0

I use f-strings to build SPARQL queries with a variable and they work well as follows:

for label in longnames:
    sparqlquery = f"""
    PREFIX osr:<http://dati.senato.it/osr/>
    SELECT * WHERE {{
        ?uri a osr:Senatore. 
        ?uri rdfs:label "{label}"^^xsd:string.
    }}
    """

which would run N queries with each having a different label value coming from a longnames list[str].

I would like to externalize these SPARQL queries to a separate file and therefore tried to create a sparqlqueries.py file as follows:

DBP_LANGS = """
    PREFIX dbo: <http://dbpedia.org/ontology/>
    PREFIX sdo: <https://schema.org/>

    CONSTRUCT {
      ?lang a sdo:Language ;
      sdo:alternateName ?iso6391Code .
    }
    WHERE {
      ?lang a dbo:Language ;
      dbo:iso6391Code ?iso6391Code .
      FILTER (STRLEN(?iso6391Code)=2) # to filter out non-valid values
    }
    LIMIT {QUERY_LIMIT}
"""

(edit: as noted in the comments that is not an f-string but a simple string literal. Could not use the f-string as the QUERY_LIMIT variable is unknown in that module)

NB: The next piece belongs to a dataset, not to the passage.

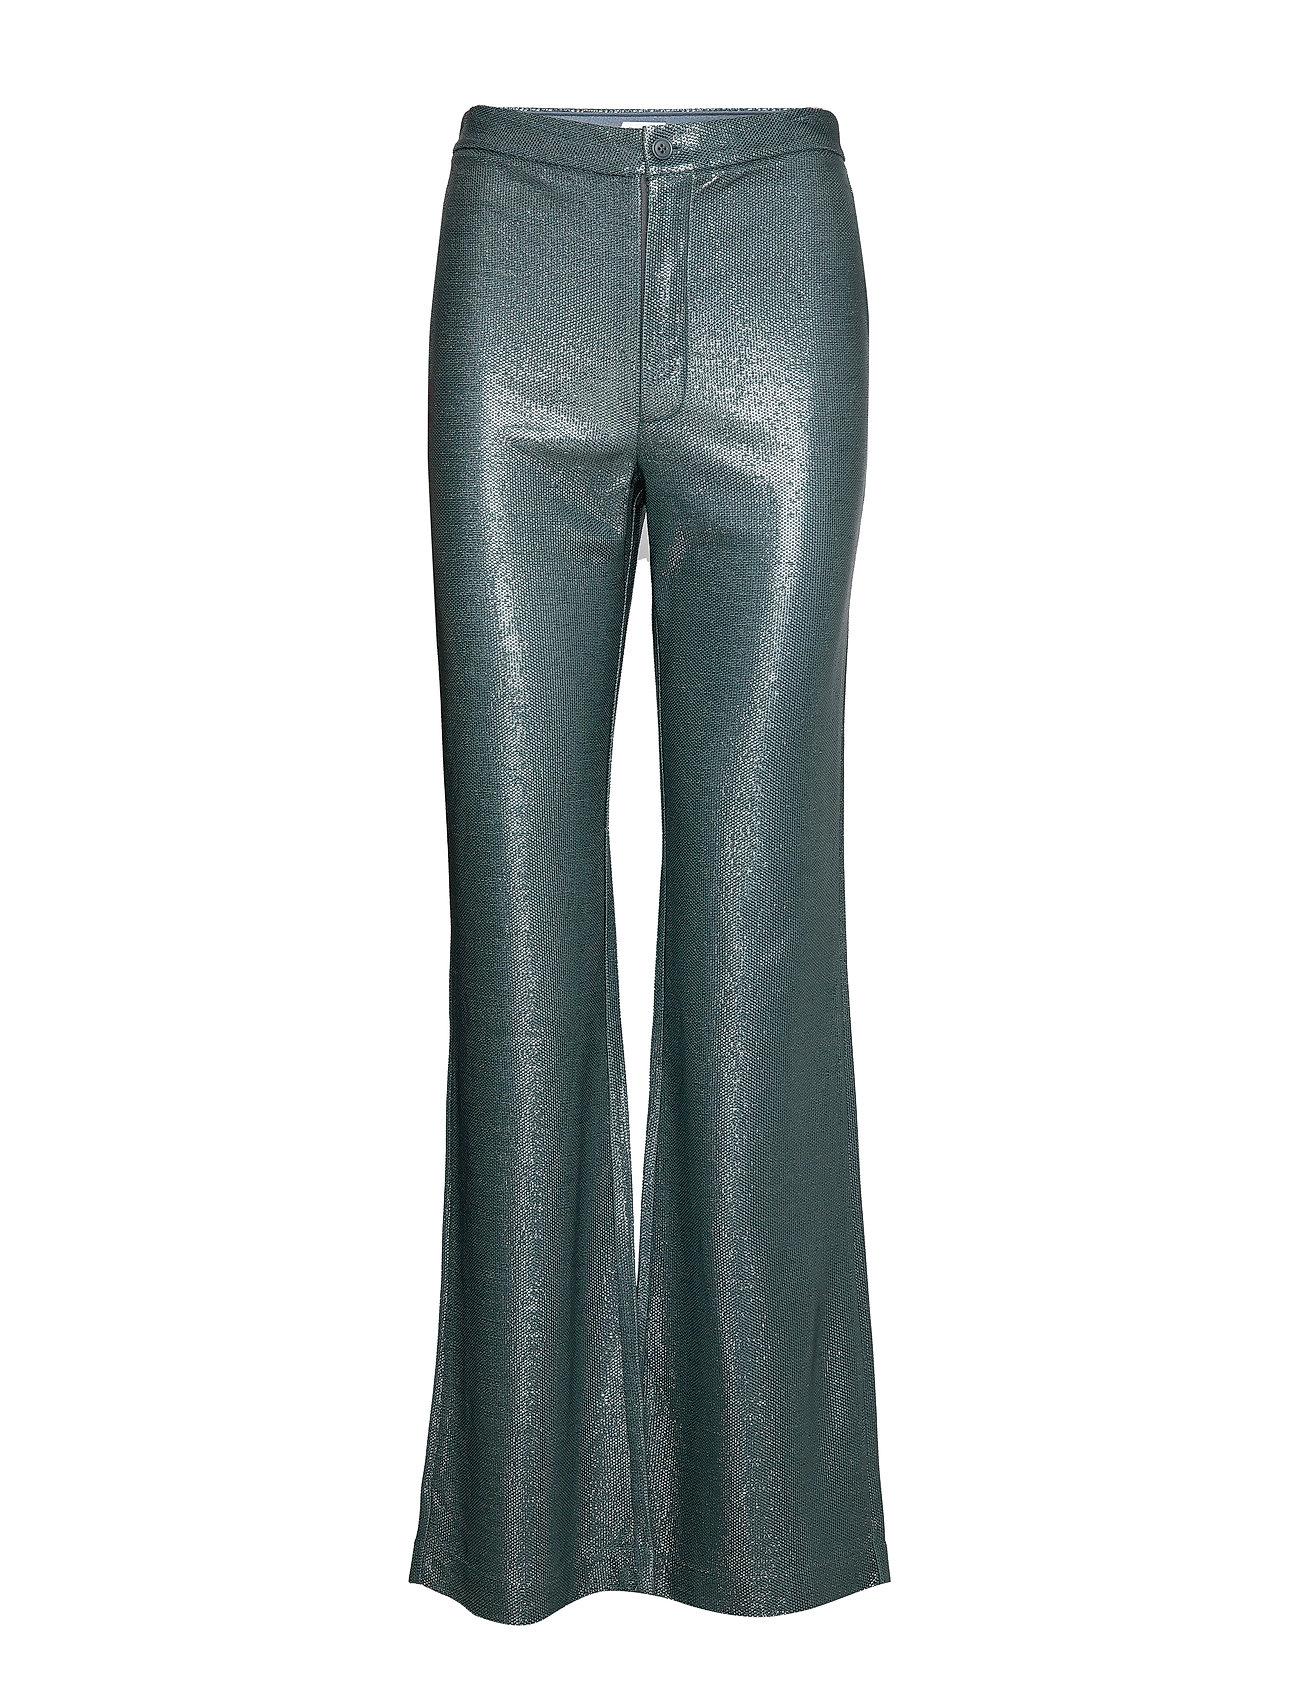 Image of Nyx Lurex Trouser Bukser Med Svaj Blå Filippa K (3347377727)

and in my new sample.py code I tried:

from SPARQLWrapper import SPARQLWrapper
from sparqlqueries import DBP_LANGS

sparql = SPARQLWrapper("http://dbpedia.org/sparql")

QUERY_LIMIT = 5
print(DBP_LANGS) # just to debug
sparql.setQuery(DBP_LANGS)

but this SPARQL query fails and as the previous print shows, the QUERY_LIMIT is not interpolated at all in the f-string:

PREFIX dbo: <http://dbpedia.org/ontology/>
PREFIX sdo: <https://schema.org/>

CONSTRUCT {
  ?lang a sdo:Language ;
  sdo:alternateName ?iso6391Code .
}
WHERE {
  ?lang a dbo:Language ;
  dbo:iso6391Code ?iso6391Code .
  FILTER (STRLEN(?iso6391Code)=2) # to filter out non-valid values
}
LIMIT {QUERY_LIMIT}

and therefore understandably the query fails.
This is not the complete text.